Pearl Beyond Price, pg. 18
We Need to Work on Our Psychological Issues if We are Serious About Our Spiritual Development
The Diamond Approach begins with the idea that we need to work on our psychological issues, which will include regressive processes, if we are serious about our spiritual development. But then the process becomes much more specific, and much less linear. We find that psychological issues and spiritual development do not arise one after the other, consecutively. Rather, we find that the psychological issues are completely intertwined with the phenomenology of Spirit, and with the specific characteristics of essence and its various aspects. Psychological issues, which have their genesis mostly in childhood, plus necessary regressions, continue, as a result, into the most advanced stages of spiritual development. Furthermore, childhood content does not block essence in a general way. Specific segments of our childhood issues and ego structures block particular spiritual states. And it is our finding that the correspondence between psychological issues originating in childhood and particular essential states appears to be universal to all souls, hence the possibility of a particular body of knowledge that maps such correspondence. The Diamond Approach contains such knowledge. All the books we have published are elucidation of elements of this knowledge.

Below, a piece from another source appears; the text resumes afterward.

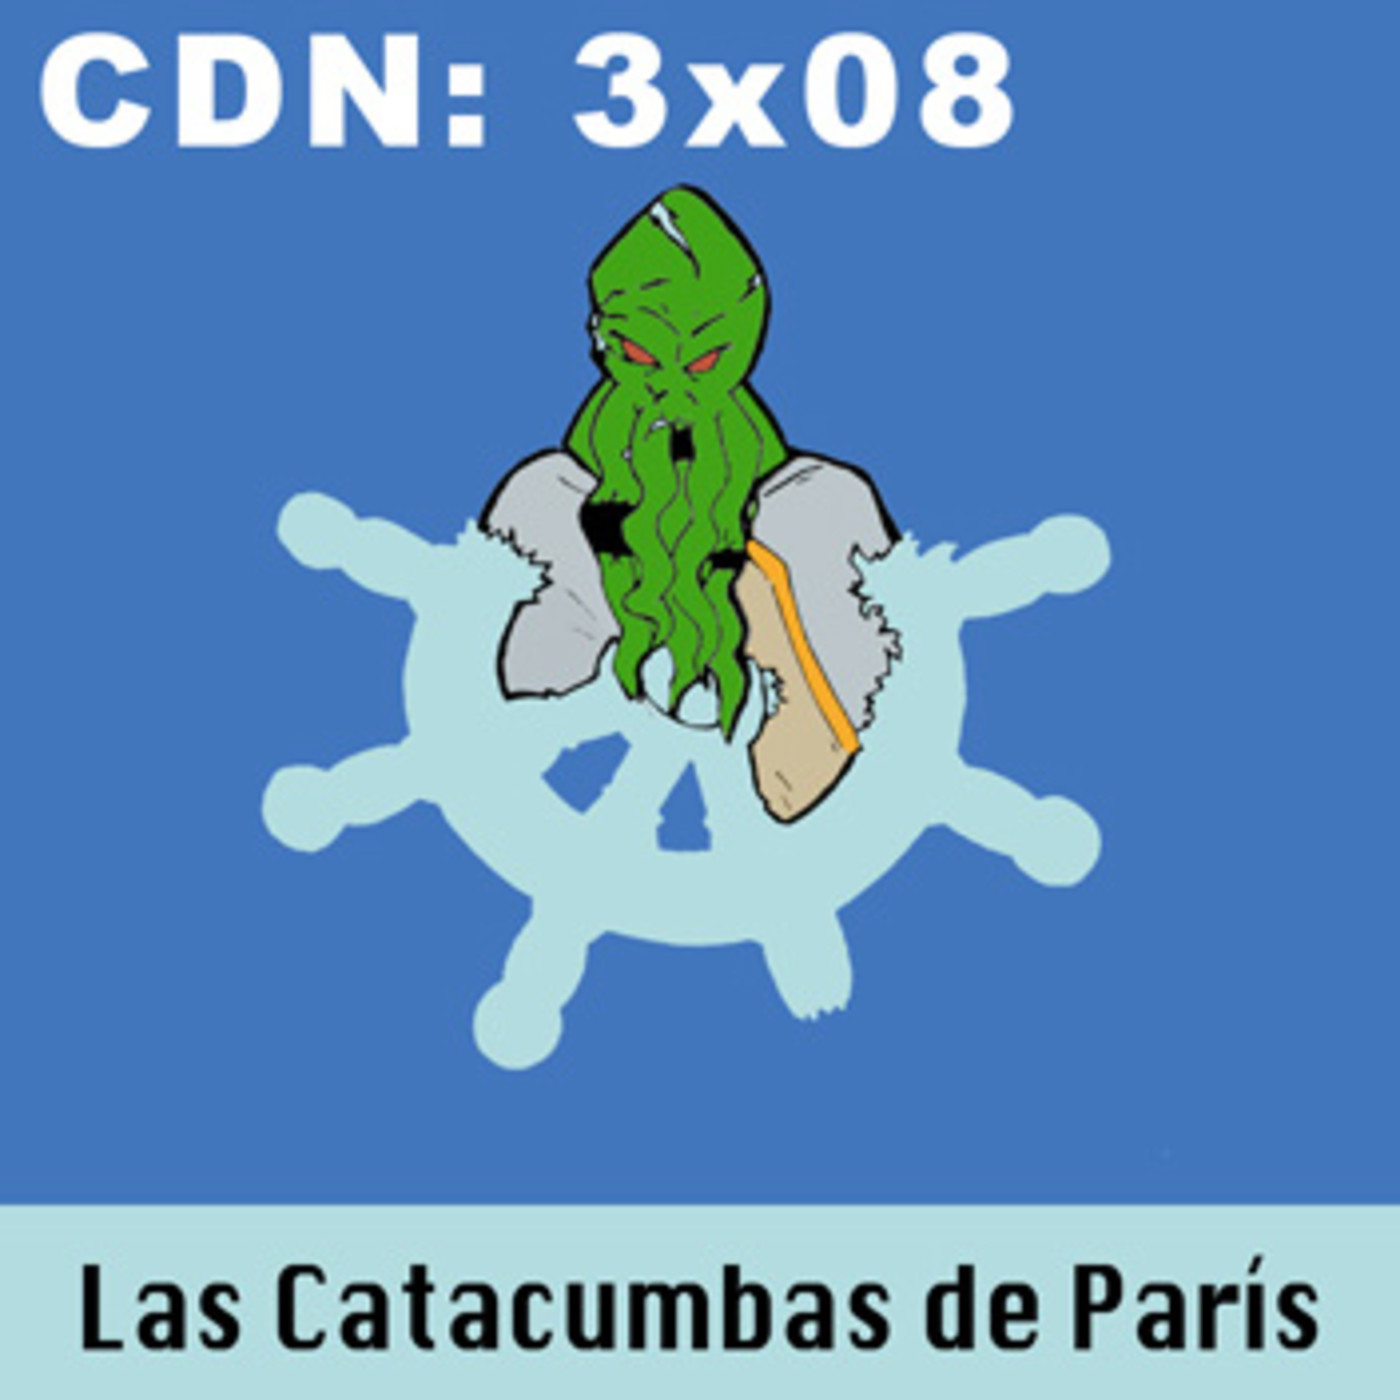 CdN 3x08 - Las Catacumbas de París
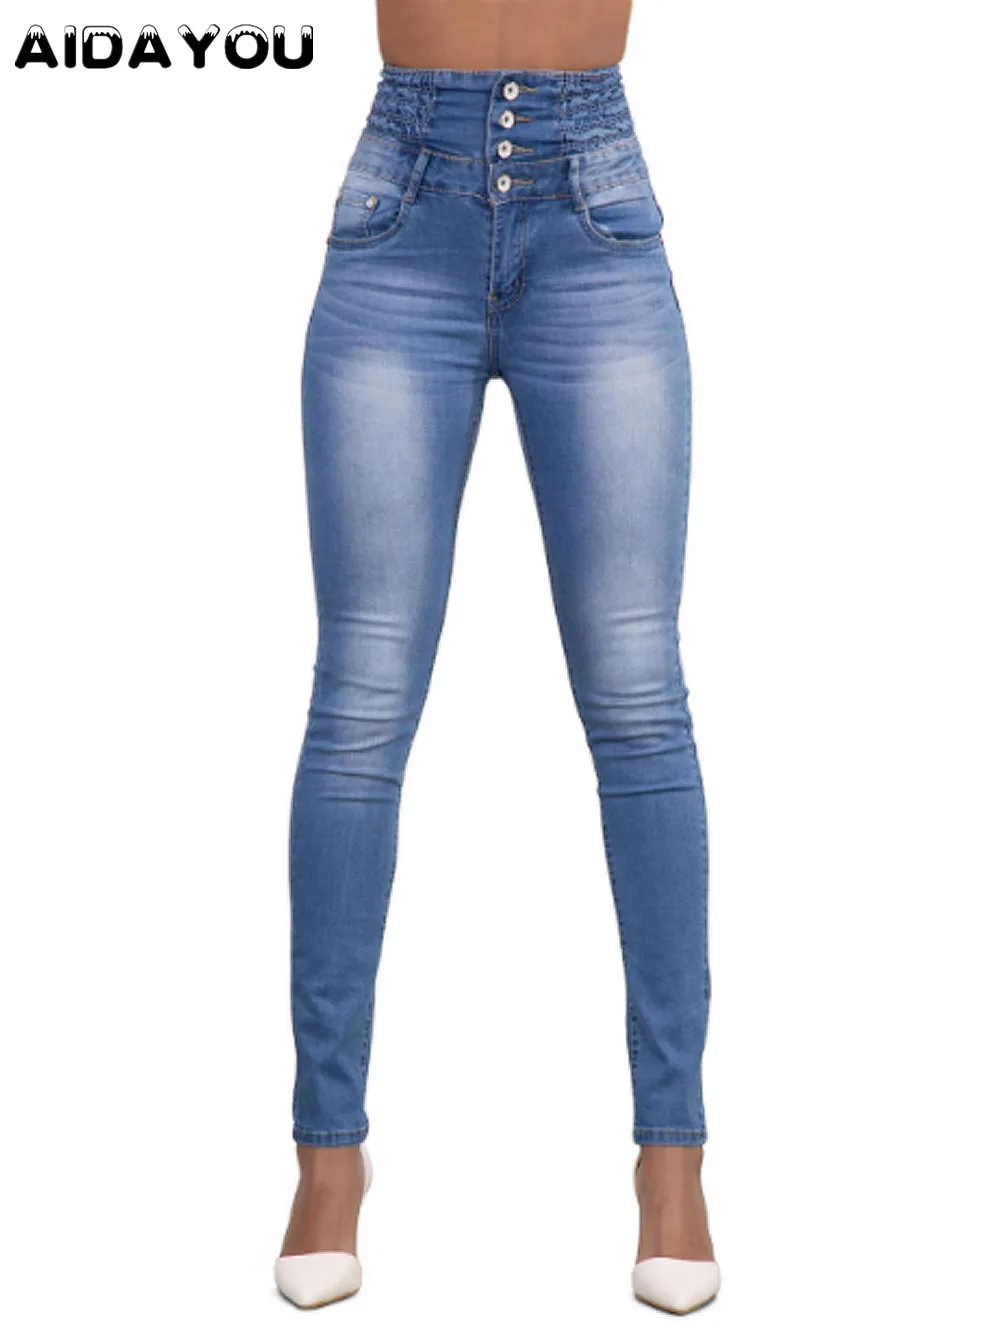 Colombian Jeans, High Waist Colombian Jeans

The Inner Journey Home, pg. 545
When Spiritual Experience Has No Further Value
Once you realize the unity of the world and the Absolute, spiritual experience has no further value. You do not need inner experience; actually, inner experience does not exist. There is no inner separate from the outer. What you see is what you get. Walking in the street is the most elevated, spiritual experience. Eating your meal is a fundamental, sublime experience. Cleaning your house is as spiritual, as sublime, as refined an experience as the Supreme. No differentiation endures between inner states and outer manifestation.